ForeverZer0 / SharpNBT

A pure CLS-compliant C# implementation of the Named Binary Tag (NBT) format specification commonly used with Minecraft applications, allowing easy reading/writing streams and serialization to other formats.
MIT License
25 stars 9 forks source link

Are bytes in NBT signed or unsigned? #9

Closed TheVeryStarlk closed 1 year ago

TheVeryStarlk commented 1 year ago

SharpNBT uses byte, but the wiki mentions that it is a signed byte https://wiki.vg/NBT.

ForeverZer0 commented 1 year ago

They use the unsigned byte in this library, as .NET supports unsigned types, unlike Java under which the specification was designed.

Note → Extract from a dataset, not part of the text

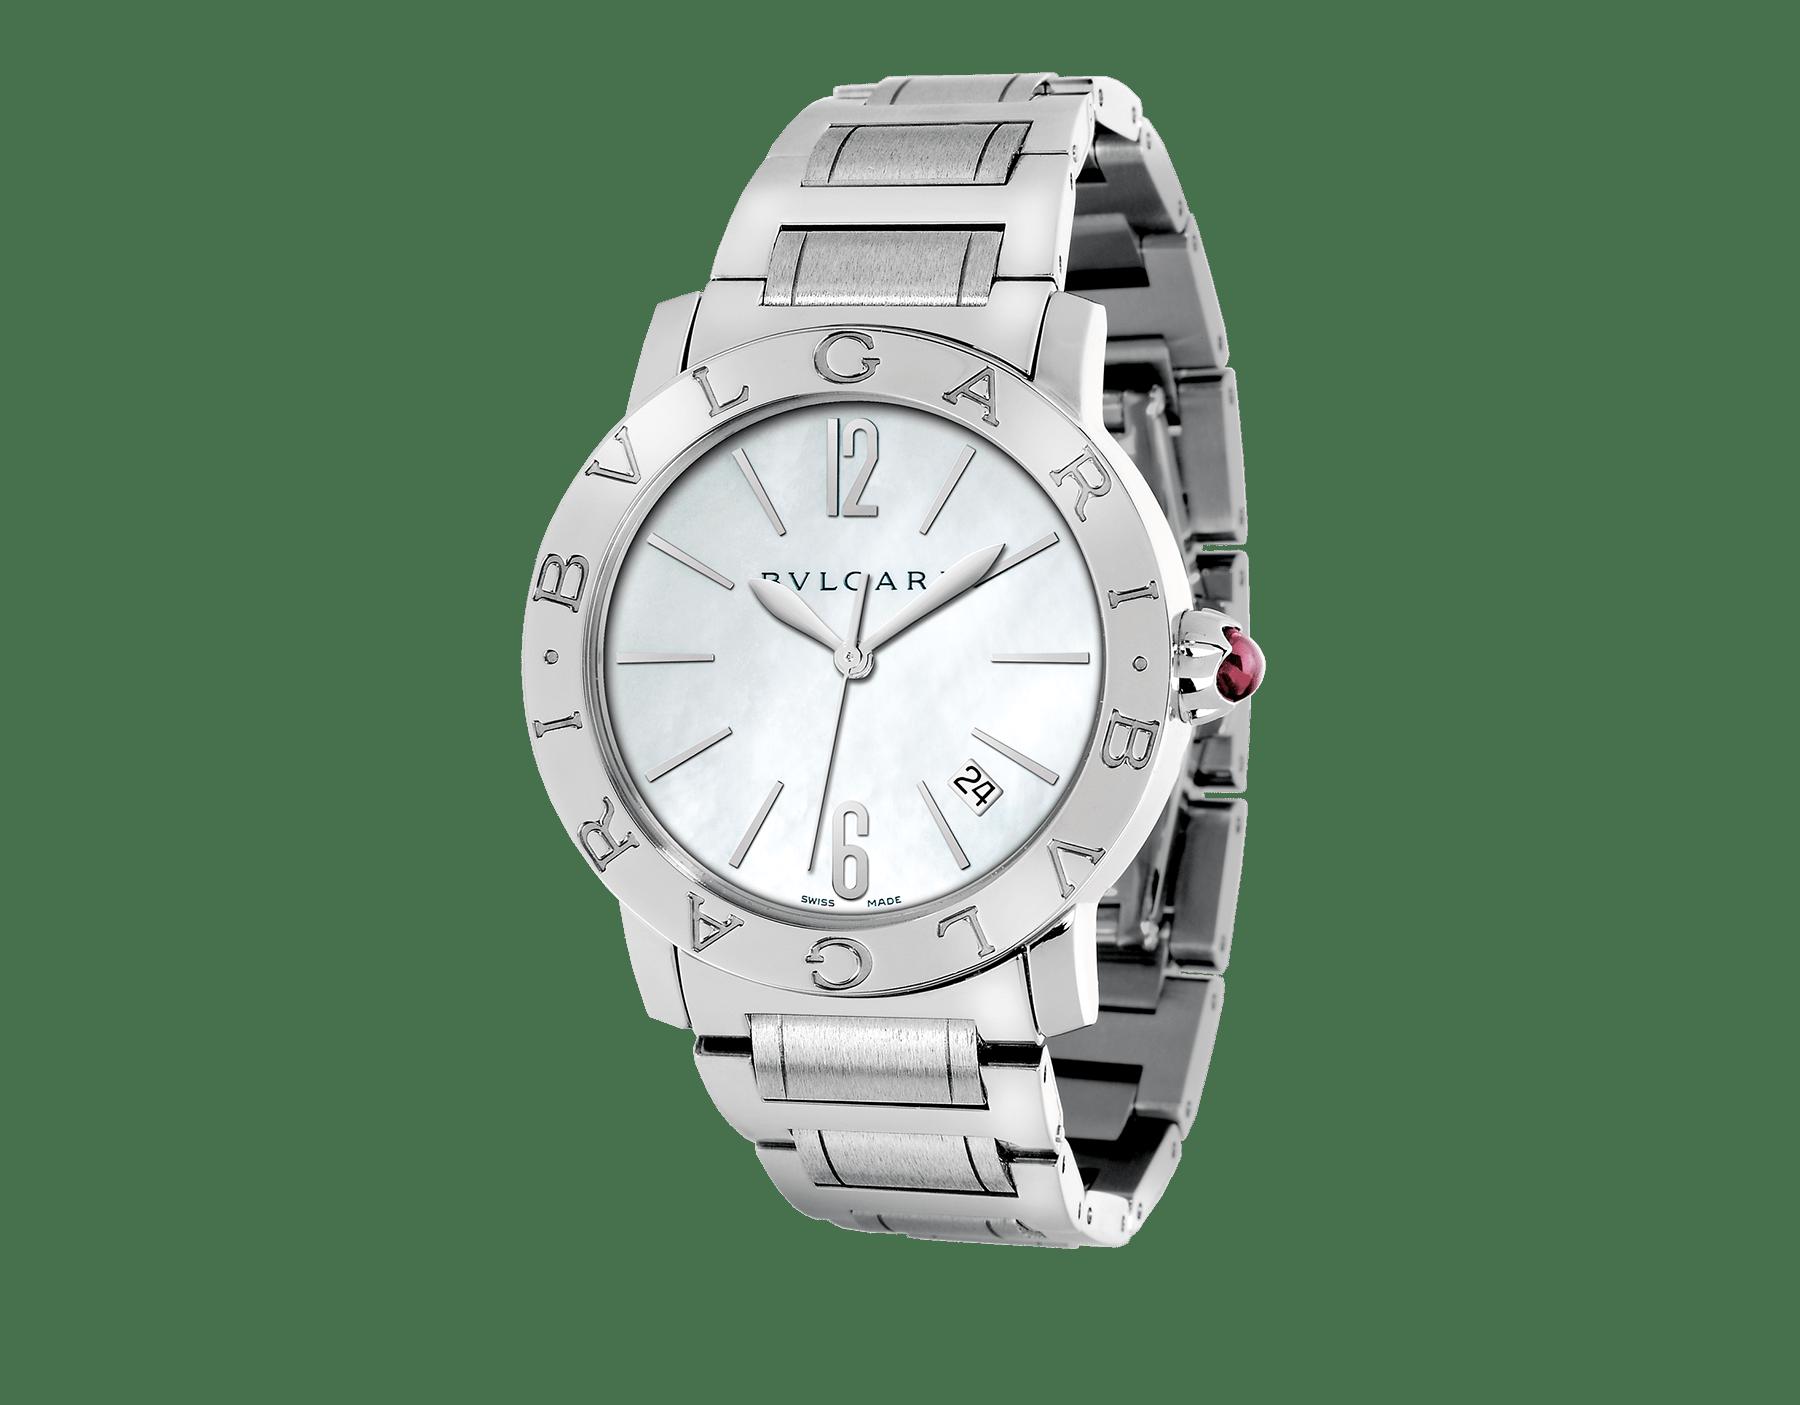 Montre BVLGARI BVLGARI avec boîtier et bracelet en acier inoxydable, cadran en nacre blanche et date. Grand modèle. 101976 image 1

In practice, NBT uses this type to denote "raw bytes" of data, and much less for its signed numerical range, which is analogous to how a byte in .NET is used, such as memory buffers. Using an sbyte for this would simply make it awkward to use in the .NET runtime, which uses byte for this case consistently across all APIs.

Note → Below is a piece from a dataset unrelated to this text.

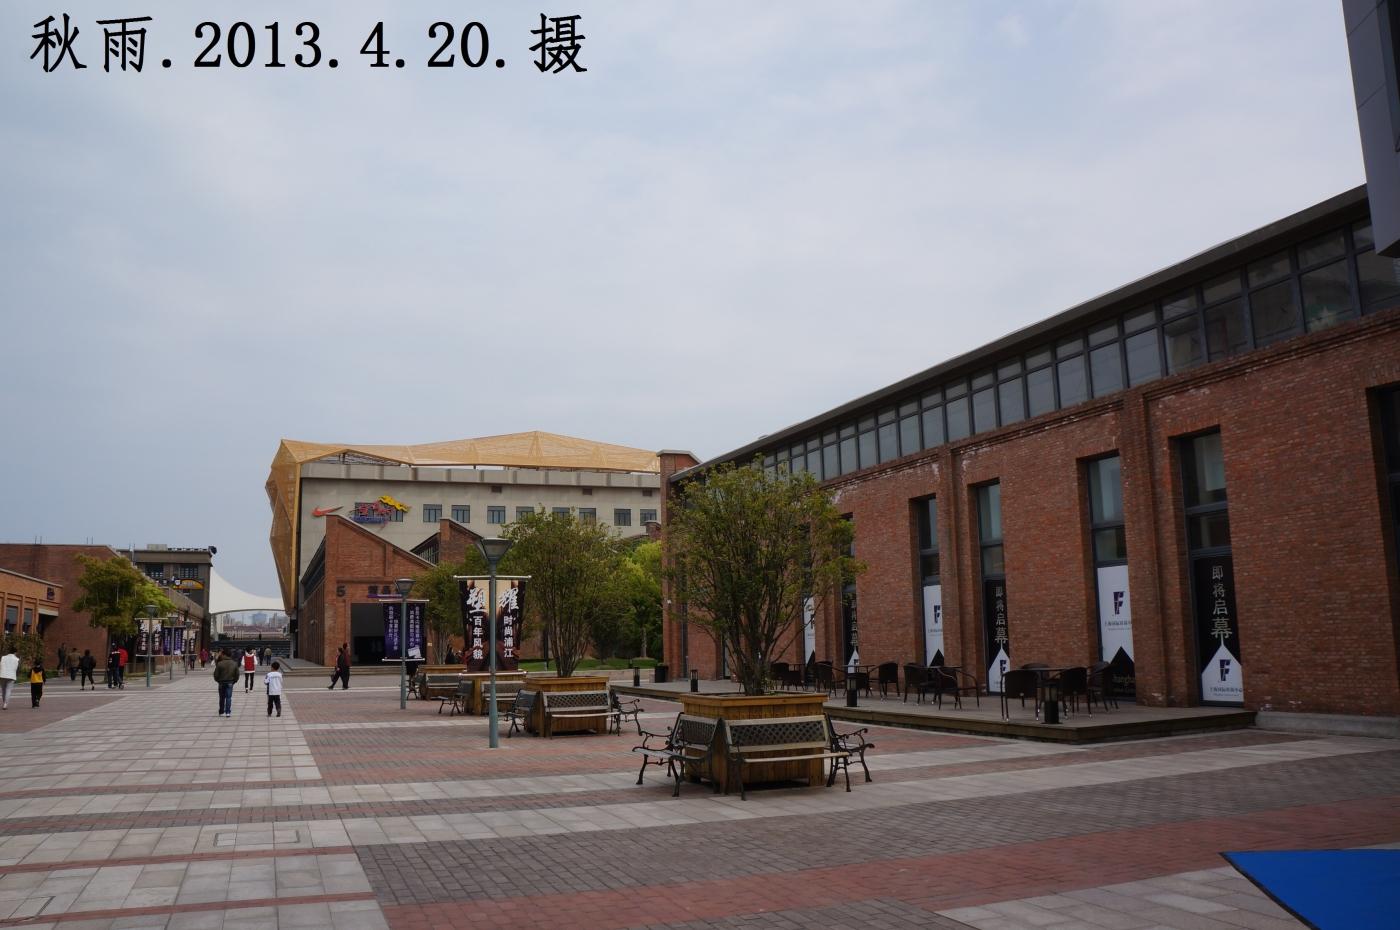 上海国际时尚中心,原国棉十七厂旧址(1),修旧如旧。摄影原创。 ..._图1-15

This was an intentional design choice, as sbyte is also not a CLS- compliant type, and would exclude this library from being consumed by .NET languages other than C#. If your data is actually using the integral value and requires a signed range, it will need to be cast, reinterpreted with a span-like object, MemoryMarshal, etc. Otherwise its in-memory representation is exactly the same 8-bits.

TheVeryStarlk commented 1 year ago

Thanks for the reply!

In practice, NBT uses this type to denote "raw bytes" of data, and much less for its signed numerical range, which is analogous to how a byte in .NET is used, such as memory buffers.

I'm sorry I didn't understand what you mean here.

ForeverZer0 commented 1 year ago

I mean that whether the type is signed or unsigned is rarely (if ever) meaningful for this type from a practical standpoint, but it is of concern from a language, runtime, and usability viewpoint. Java happens to use signed bytes for memory buffers.while .NET uses unsigned bytes to represent arbitrary memory and booleans, which are the what this type is used for.

A boolean doesn't matter. A value is either 0 (false), or it is not (true). 0 is 0 whether for sbyte and byte.

An array of bytes that represent a memory buffer (such as a resource pack being sent from the server) are of no concern if they are signed or unsigned. The individual values have no meaning, it is simply part of a larger whole in whatever the blob of memory represents. If I chose to adhere strictly to the spec, nothing would be gained, but the library would lose cross-language support, and also require consumers to convert the data to bytes to do anything meaningful with it, as no part of the .NET API uses sbyte for the cases in which this type is used.

TheVeryStarlk commented 1 year ago

Gotcha. Thanks a lot!